Instructions to follow: From the entries below, copy every line holding the word "Alamy".

Extracted data entries:
________
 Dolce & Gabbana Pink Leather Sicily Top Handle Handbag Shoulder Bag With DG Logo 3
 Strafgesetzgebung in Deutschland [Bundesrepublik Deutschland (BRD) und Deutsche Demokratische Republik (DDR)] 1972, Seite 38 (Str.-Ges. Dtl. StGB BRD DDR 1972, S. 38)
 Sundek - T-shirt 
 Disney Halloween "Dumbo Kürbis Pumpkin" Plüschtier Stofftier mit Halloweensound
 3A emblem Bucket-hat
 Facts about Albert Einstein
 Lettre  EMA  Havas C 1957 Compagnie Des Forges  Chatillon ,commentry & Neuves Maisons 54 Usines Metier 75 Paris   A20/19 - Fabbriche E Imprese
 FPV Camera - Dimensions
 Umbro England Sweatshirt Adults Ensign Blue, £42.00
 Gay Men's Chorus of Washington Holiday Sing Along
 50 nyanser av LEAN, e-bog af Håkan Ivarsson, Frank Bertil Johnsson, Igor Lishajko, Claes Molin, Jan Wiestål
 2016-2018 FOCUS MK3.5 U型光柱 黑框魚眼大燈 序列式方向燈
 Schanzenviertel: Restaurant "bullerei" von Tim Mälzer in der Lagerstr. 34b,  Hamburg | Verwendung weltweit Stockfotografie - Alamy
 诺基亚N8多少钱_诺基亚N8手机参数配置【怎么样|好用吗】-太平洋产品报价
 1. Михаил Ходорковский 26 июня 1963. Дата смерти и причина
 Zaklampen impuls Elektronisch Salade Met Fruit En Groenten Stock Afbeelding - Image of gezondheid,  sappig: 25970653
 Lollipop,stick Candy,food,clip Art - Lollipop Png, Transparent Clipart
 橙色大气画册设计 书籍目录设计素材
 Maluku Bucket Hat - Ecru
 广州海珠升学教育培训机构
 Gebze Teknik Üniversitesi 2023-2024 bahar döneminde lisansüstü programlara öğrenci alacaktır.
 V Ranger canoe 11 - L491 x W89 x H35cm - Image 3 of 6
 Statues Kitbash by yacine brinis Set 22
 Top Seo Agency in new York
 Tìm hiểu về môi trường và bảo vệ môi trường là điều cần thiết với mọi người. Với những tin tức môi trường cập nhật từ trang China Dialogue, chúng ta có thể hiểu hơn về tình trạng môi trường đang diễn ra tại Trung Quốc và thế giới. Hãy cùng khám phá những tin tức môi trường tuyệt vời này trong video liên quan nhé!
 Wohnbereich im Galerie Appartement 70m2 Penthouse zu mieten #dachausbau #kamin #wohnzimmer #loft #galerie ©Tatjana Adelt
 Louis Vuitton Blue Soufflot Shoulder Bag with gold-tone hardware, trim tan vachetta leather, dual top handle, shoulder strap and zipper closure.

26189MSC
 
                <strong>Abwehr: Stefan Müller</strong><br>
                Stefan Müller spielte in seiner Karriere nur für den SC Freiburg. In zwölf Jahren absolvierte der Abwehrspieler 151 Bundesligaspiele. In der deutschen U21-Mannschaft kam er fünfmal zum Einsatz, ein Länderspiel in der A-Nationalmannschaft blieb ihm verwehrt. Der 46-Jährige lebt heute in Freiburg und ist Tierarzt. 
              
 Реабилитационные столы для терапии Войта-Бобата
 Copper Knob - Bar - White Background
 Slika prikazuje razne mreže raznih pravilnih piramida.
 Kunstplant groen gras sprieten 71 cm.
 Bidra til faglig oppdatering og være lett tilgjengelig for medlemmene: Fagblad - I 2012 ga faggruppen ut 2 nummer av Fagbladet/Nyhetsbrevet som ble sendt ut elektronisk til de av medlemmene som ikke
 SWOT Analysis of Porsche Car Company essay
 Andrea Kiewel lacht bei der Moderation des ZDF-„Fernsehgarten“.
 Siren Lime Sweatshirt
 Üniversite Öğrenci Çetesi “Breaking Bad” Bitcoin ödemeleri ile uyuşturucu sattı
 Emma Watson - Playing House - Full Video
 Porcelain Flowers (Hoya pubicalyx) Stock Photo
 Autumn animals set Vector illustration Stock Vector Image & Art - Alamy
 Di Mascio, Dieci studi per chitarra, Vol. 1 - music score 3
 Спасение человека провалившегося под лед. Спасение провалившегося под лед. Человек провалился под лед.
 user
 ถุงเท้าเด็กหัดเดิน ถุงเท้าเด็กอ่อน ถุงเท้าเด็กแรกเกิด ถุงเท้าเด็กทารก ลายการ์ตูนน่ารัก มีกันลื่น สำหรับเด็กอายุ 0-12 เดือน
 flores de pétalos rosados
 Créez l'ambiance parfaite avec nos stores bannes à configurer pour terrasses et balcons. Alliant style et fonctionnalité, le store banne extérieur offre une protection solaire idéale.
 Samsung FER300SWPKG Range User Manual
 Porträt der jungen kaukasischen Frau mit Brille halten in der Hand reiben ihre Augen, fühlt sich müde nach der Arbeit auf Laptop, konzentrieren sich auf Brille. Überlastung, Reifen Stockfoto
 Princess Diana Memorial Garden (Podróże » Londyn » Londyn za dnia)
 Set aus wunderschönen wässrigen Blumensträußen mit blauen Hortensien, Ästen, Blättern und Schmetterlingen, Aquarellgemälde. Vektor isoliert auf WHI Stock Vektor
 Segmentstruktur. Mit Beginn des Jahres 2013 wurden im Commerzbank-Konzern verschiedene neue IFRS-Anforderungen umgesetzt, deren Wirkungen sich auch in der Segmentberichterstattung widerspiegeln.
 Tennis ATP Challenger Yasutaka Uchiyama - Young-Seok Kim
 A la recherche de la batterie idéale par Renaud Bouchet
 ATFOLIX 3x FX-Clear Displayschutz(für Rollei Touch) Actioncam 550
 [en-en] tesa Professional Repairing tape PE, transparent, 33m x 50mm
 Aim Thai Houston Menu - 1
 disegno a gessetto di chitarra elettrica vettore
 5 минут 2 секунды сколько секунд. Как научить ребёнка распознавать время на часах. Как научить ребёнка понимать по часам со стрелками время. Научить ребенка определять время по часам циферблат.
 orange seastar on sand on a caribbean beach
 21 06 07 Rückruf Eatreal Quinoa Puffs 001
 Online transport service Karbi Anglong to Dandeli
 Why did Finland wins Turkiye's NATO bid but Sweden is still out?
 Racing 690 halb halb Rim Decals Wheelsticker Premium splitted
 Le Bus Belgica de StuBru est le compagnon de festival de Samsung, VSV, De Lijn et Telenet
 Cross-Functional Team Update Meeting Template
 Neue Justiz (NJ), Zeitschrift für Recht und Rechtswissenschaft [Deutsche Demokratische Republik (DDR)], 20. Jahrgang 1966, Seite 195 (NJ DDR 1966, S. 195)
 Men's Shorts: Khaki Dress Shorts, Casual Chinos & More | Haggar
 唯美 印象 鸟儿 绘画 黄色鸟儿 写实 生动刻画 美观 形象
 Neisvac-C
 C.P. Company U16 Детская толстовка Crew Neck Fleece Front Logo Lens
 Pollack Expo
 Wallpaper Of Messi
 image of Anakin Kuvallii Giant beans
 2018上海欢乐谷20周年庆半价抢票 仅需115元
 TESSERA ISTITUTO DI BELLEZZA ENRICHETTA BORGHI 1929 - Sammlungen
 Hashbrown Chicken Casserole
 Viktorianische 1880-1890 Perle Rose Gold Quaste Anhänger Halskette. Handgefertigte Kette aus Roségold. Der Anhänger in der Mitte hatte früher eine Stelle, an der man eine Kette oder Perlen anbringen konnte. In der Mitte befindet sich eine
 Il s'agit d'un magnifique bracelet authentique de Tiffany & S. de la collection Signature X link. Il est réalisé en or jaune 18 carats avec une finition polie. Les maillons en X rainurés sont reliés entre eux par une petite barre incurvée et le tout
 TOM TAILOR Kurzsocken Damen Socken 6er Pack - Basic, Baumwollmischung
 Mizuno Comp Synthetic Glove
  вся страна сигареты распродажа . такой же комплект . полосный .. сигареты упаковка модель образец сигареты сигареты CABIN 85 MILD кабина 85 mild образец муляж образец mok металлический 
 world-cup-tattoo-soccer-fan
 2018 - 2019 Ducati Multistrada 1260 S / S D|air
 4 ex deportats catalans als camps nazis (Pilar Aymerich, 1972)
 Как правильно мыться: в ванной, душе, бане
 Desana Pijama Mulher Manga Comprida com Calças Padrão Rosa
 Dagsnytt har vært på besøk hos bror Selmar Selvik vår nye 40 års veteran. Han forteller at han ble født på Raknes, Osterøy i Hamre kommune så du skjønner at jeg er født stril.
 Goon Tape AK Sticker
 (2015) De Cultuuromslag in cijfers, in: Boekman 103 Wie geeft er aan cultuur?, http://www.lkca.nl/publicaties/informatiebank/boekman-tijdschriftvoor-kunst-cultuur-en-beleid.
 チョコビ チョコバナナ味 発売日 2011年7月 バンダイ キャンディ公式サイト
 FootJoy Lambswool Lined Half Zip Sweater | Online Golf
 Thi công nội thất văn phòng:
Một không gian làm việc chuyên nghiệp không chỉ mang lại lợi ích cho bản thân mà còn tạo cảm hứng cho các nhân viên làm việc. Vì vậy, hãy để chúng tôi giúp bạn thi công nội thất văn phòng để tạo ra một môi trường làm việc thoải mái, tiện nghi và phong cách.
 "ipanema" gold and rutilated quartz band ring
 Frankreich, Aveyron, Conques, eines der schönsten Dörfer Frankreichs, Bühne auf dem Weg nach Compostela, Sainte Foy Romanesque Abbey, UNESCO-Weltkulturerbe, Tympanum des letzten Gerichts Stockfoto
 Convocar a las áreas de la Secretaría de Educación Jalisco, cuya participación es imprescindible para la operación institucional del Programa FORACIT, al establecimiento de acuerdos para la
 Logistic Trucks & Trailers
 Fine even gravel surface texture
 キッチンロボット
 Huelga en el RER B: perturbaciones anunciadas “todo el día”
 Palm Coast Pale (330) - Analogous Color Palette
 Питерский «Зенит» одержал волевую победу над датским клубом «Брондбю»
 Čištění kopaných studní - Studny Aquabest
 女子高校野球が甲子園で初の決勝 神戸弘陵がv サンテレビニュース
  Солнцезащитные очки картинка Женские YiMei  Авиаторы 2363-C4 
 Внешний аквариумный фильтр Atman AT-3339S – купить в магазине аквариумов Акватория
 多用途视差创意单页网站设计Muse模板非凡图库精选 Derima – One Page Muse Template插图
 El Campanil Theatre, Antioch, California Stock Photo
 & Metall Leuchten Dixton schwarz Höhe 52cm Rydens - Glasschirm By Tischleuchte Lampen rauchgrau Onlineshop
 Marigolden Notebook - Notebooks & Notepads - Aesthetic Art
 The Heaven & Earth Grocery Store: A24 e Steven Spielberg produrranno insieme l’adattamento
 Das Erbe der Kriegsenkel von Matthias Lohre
________
Exercise solution:
 Schanzenviertel: Restaurant "bullerei" von Tim Mälzer in der Lagerstr. 34b,  Hamburg | Verwendung weltweit Stockfotografie - Alamy
 Autumn animals set Vector illustration Stock Vector Image & Art - Alamy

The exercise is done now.